Is IsNot plagiarism?
Wed, Feb 23 2005 11:10
The IsNot patent issue is raising its ugly head again. And although I agree with Cameron that Paul and Amanda are some of the nicest folks (I don’t think I’ve met Corneliu), I still think this is an issue that they need to fix !
Over the last four or five years’I’ve had a fair bit of interaction with both Paul and Amanda. And a fair bit of that has to some extent been differences in opinions (especially with Paul <g> ). But even when I have thought them somewhat clueless on a particular aspect of a discussion I’ve never really taken that as a personal short coming, rather just the need for more persuasive discussions . That is, even though we have disagreed, I’ve always felt there was a level of sincerity there. And I think that even if you disagree with someone (even strongly at times) discussing those issues and interacting with them over a period of five or so years, well yo’ can’t help but have some respect for them.
But the IsNot issue is different from any differences in opinions, this really cuts down to the level of credibility and an issue of personal substance.
Technically I think Paul has even alluded to the lack of merit of the IsNot patent.
And of course there is the issue of how VB.NET is proprietary whereas C# is made open license.
The real issue though is that there was and is clear prior instructions given on it.
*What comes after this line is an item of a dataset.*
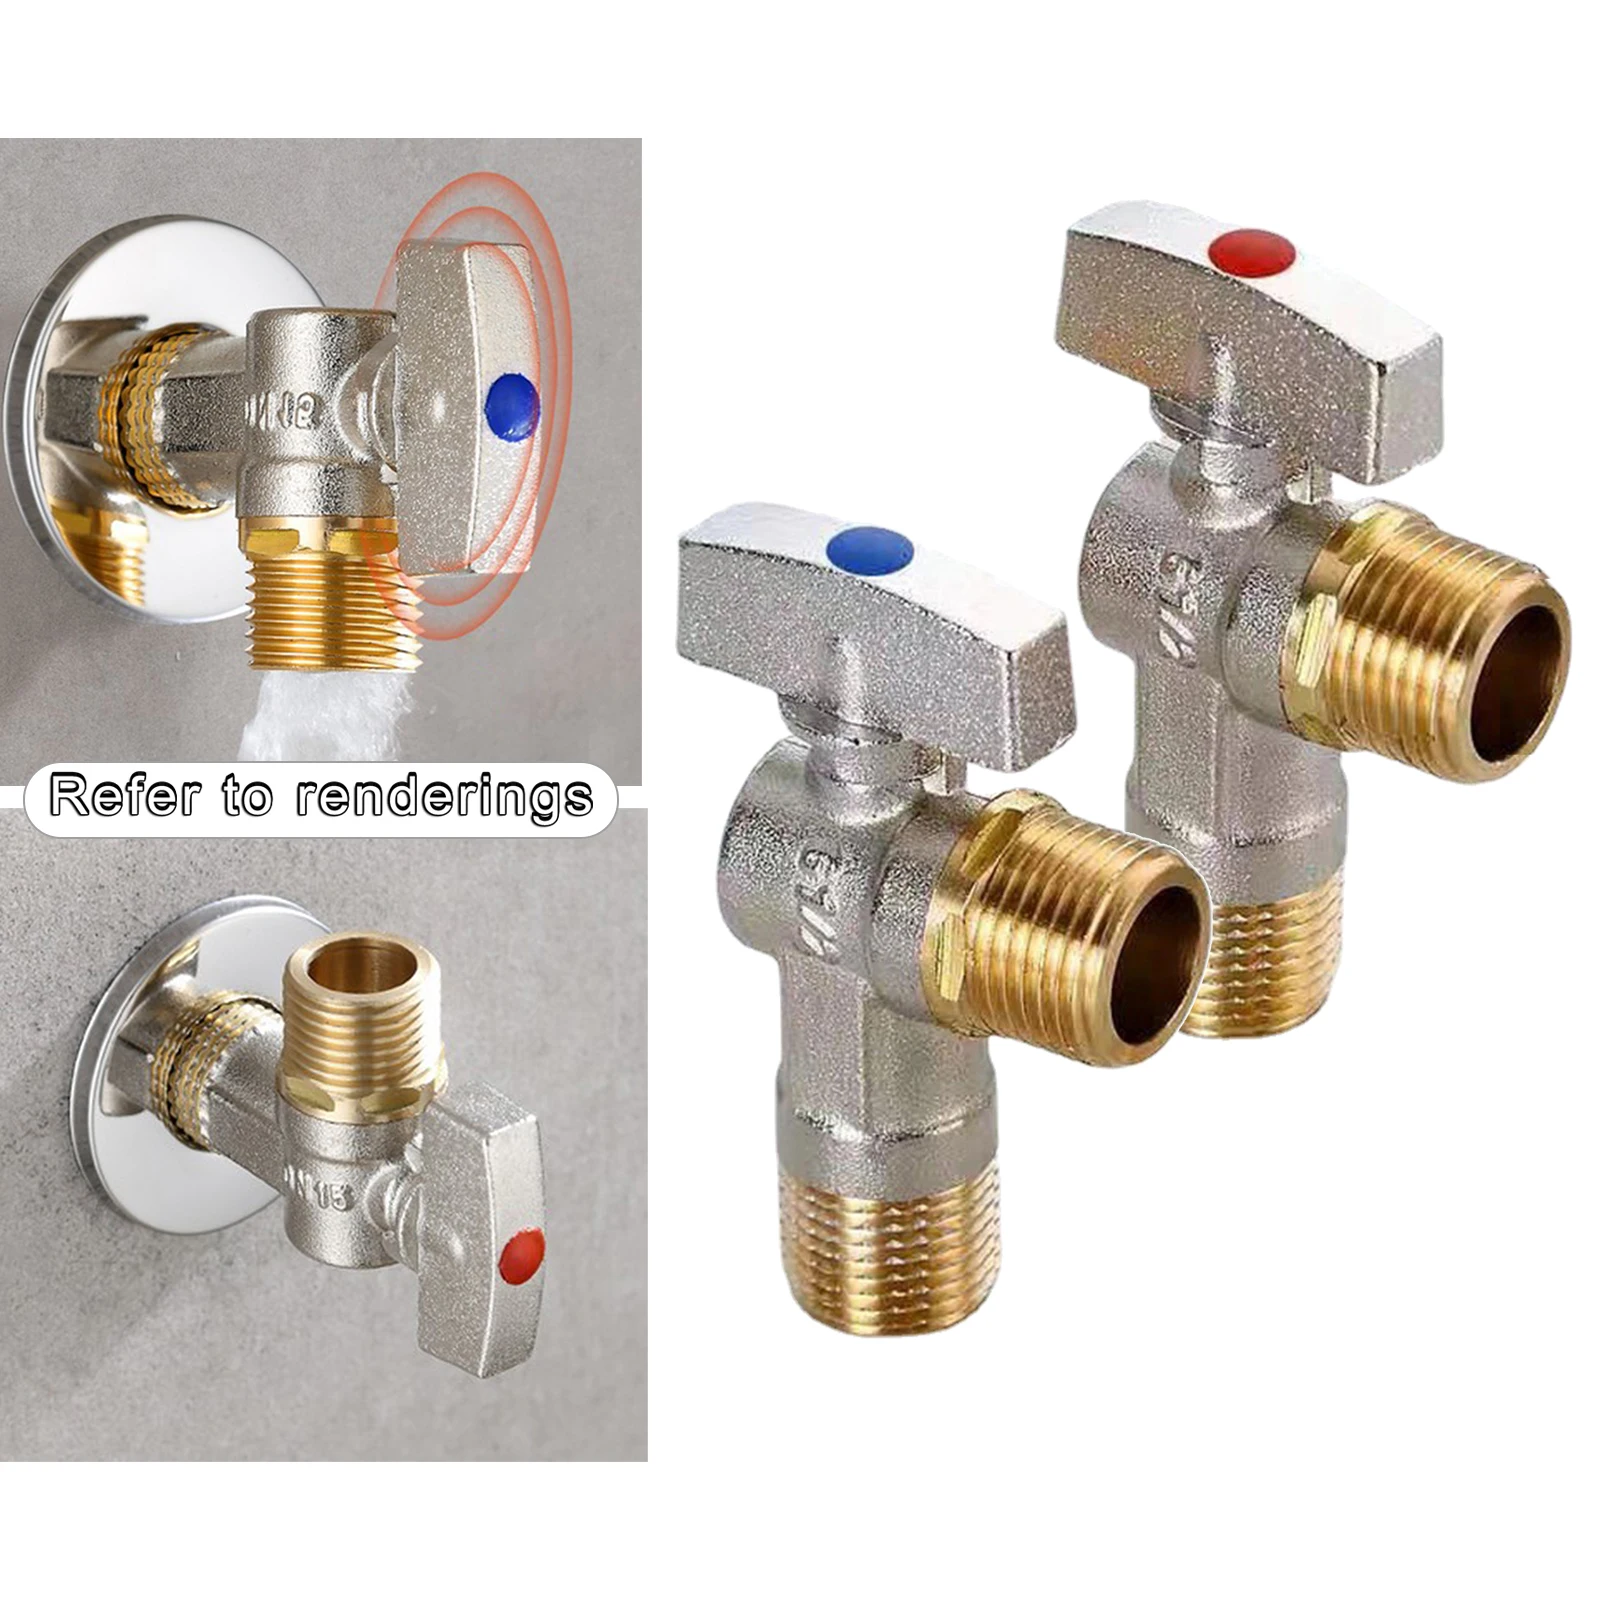 Brass Flow Angle Value Plumbing Fitting Triangle Water Water Shut Off Angle for Faucet Sink Toilet Bathroom

A simple search for IsNot in the Visual Basic forums, shows references to it many years before this patent was applied for. Now whether Paul and Amanda dreamt up the IsNot concept themselves, or whether they had heard it and forgot that and it somehow muddled in their subconscious, or perhaps they weren’t listening, we’ll never really know, and perhaps they themselves will never really know, as with so much information processing by humans things can sometimes get muddled. Regardless of whether they think they invented it or not, they failed the basic rule of research.
The issue now, as it stands, is they have since been made aware it was in the public domain long before. The simple instruction saying have an IsNot operator that is the equivalent of “Not Foo Is bar” is sufficient instruction for anyone skilled in the language and the compiler to implement it. That’s a simple fact.
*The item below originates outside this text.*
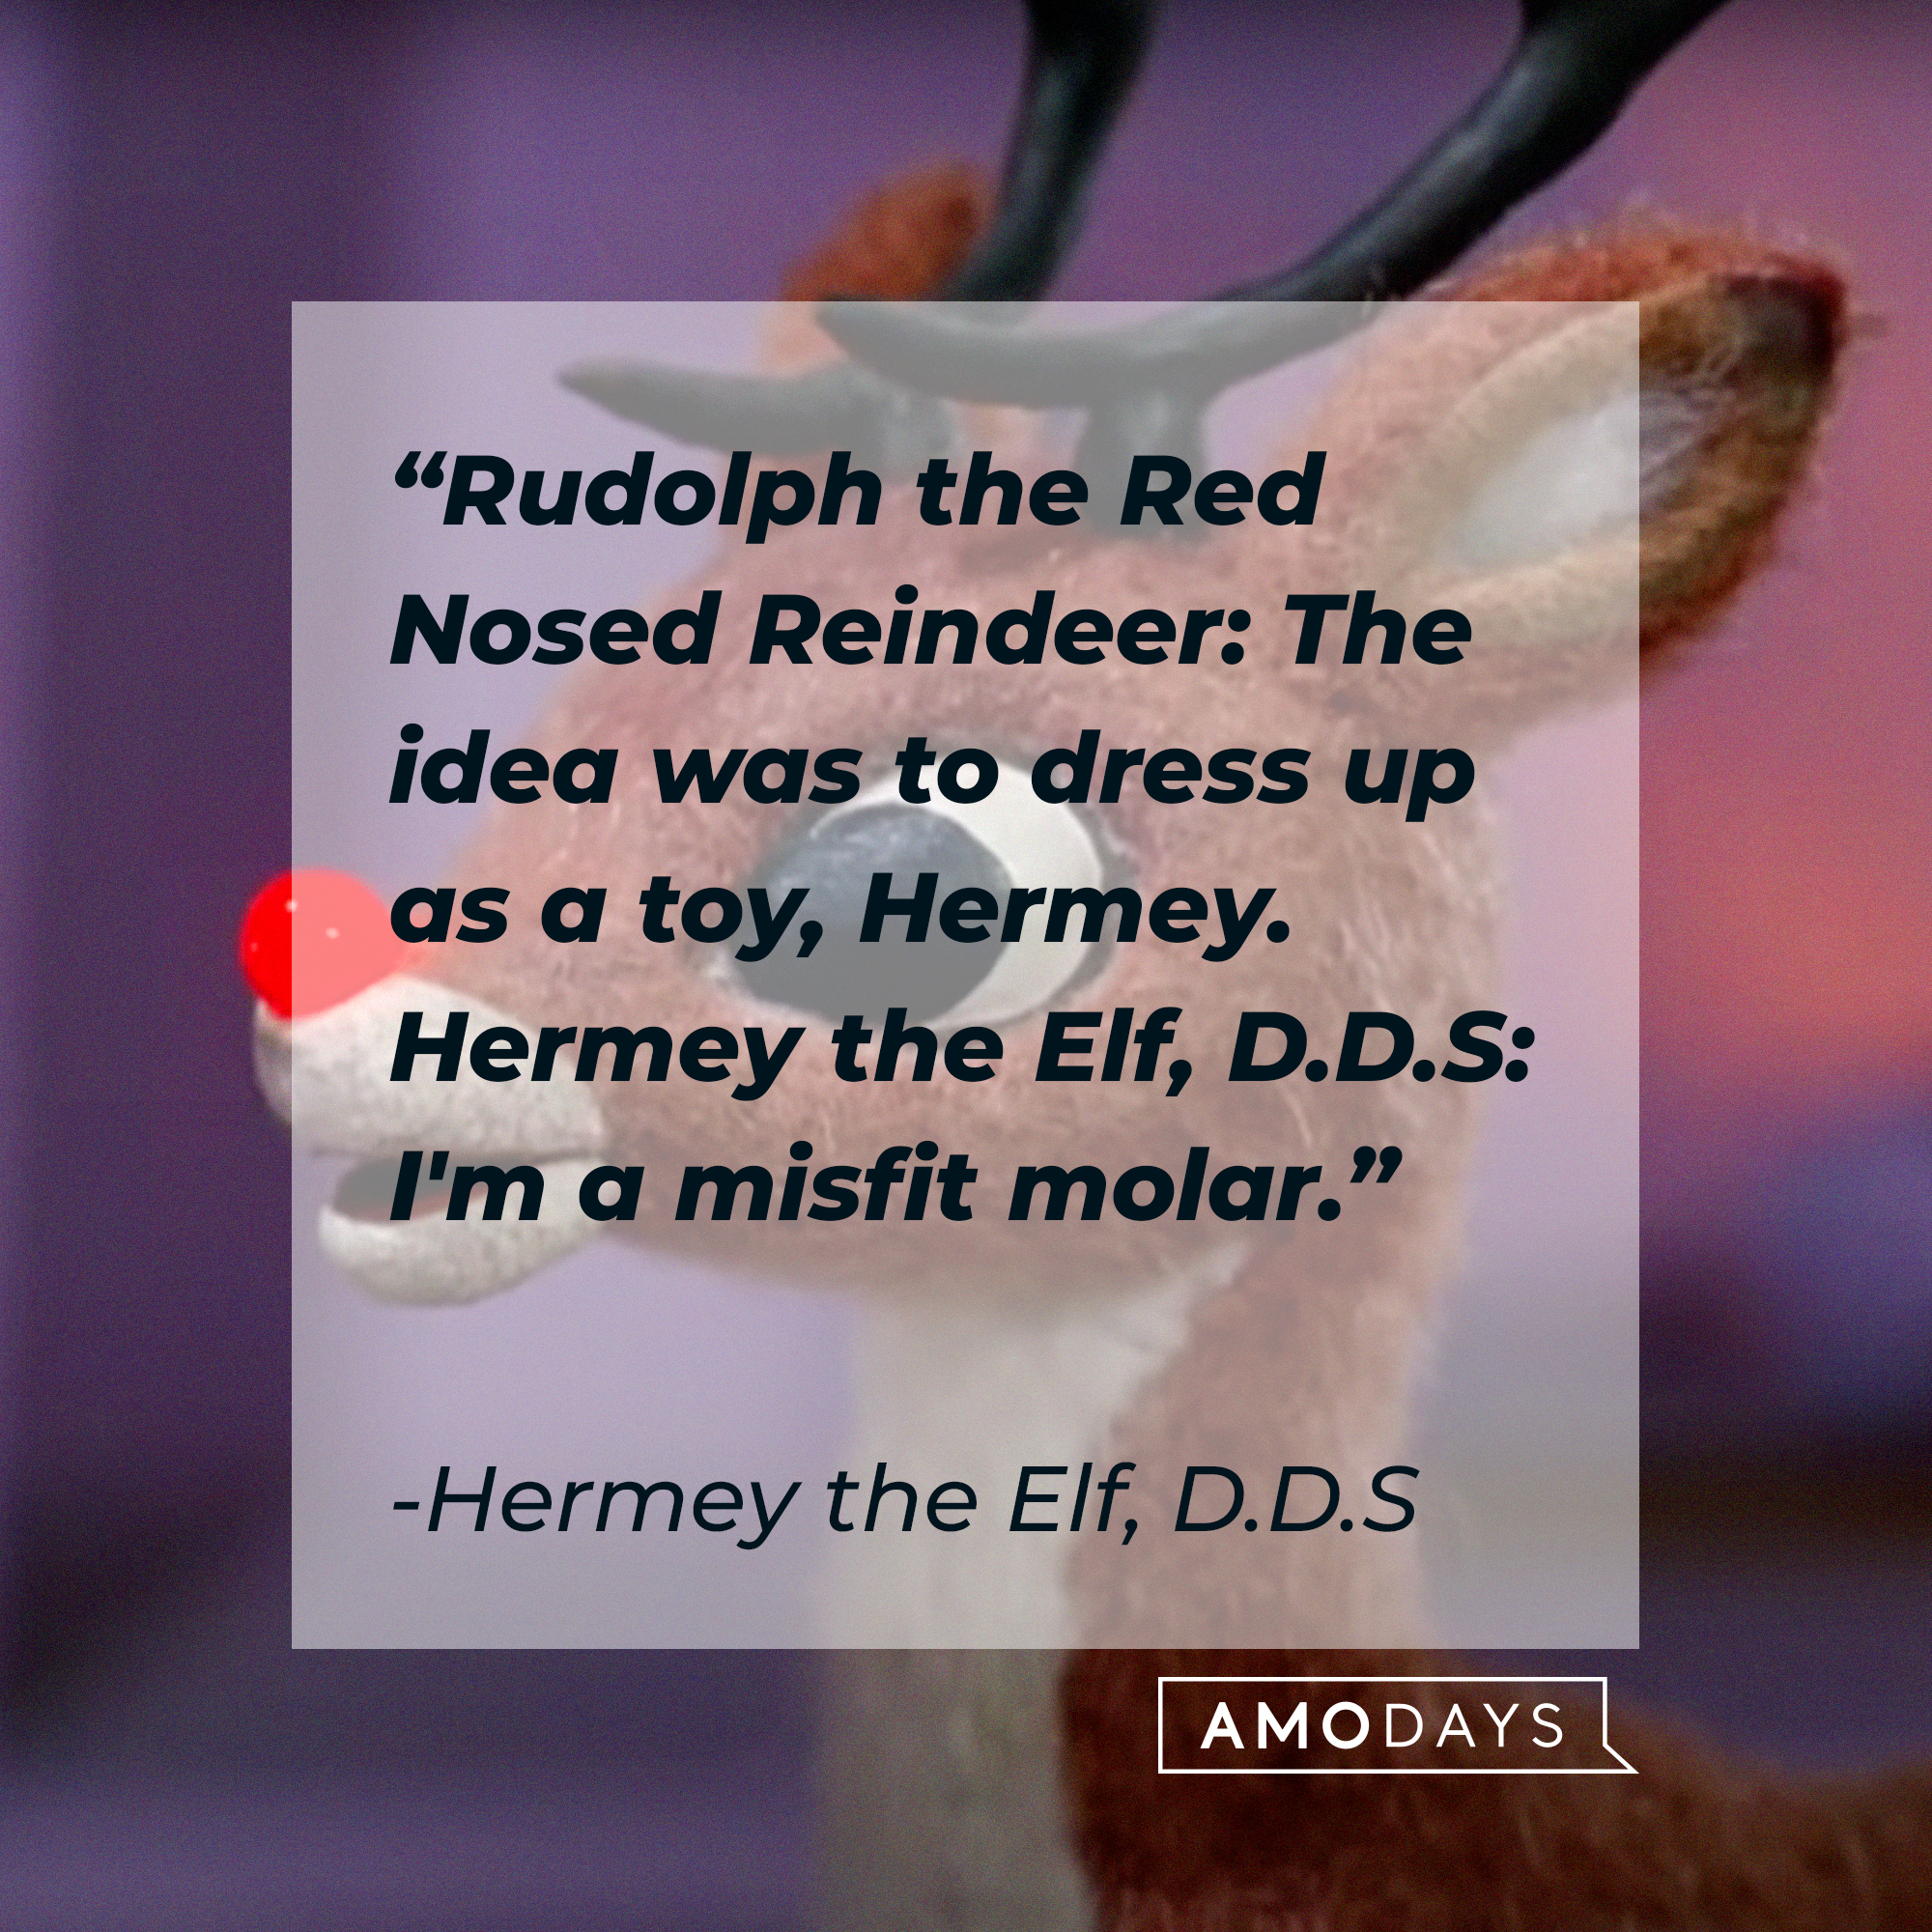 Hermey the Elf, D.D.S's quote: “Rudolph the Red Nosed Reindeer: The idea was to dress up as a toy, Hermey. Hermey the Elf, D.D.S: I'm a misfit molar.” | Source: facebook.com/Rudolph the Red-Nosed Reindeer

So really, I think Paul and/or Amanda should do the right thing and write to the patent office and tell them it has come to their attention that there was in fact prior art, and hence they no longer believe the patent is valid. In doing so, they still gain protection from anyone else applying for said patent as the prior art in the public domain has already been established.
And of course this would also allow other versions of Basic such as Mono’s VB.NET to include the IsNot operator.
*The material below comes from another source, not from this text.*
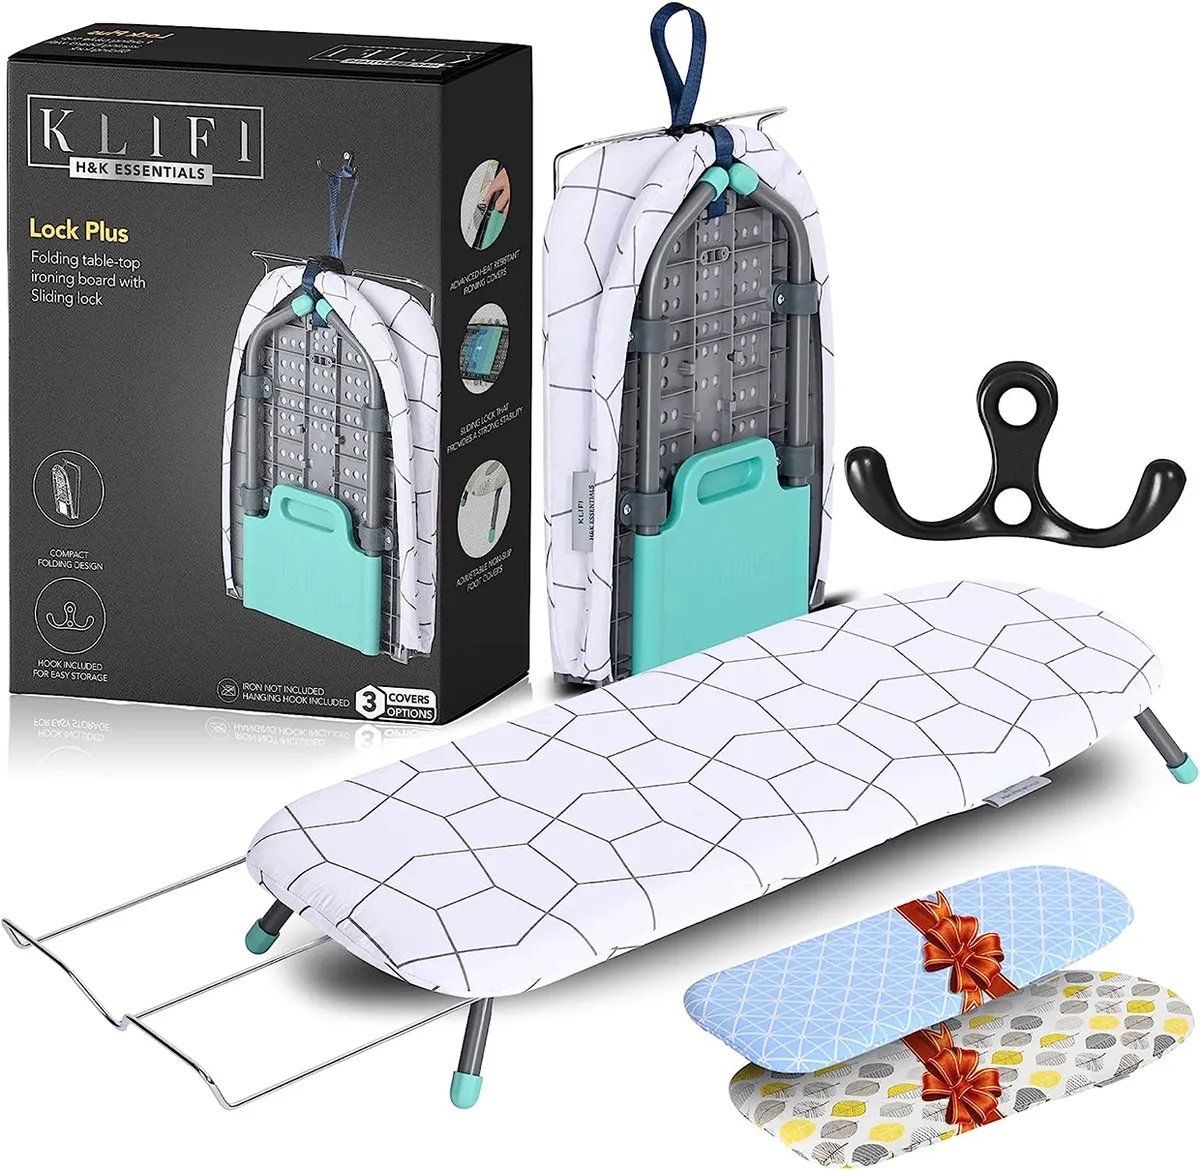 KLIFI ultra compact ironing board for quilters

Anyway, as much as I agree with Cameron about Paul and Amanda, this patent issue has actually discredited them in my eyes. I view it as plagiarism, and even if it was not intentional, it is still up to them to fix that. As long as they don’t fix it, it can only be viewed as intentional plagiarism.
And that then leads us to the question of whether or not the community can make suggestions, freely giving concepts and ideas for the betterment of the community then have employees of Microsoft file for patents on the implementation of those concepts.
I really think it is about time Paul and Amanda stepped up to the plate andwithdraw this reidculous patent.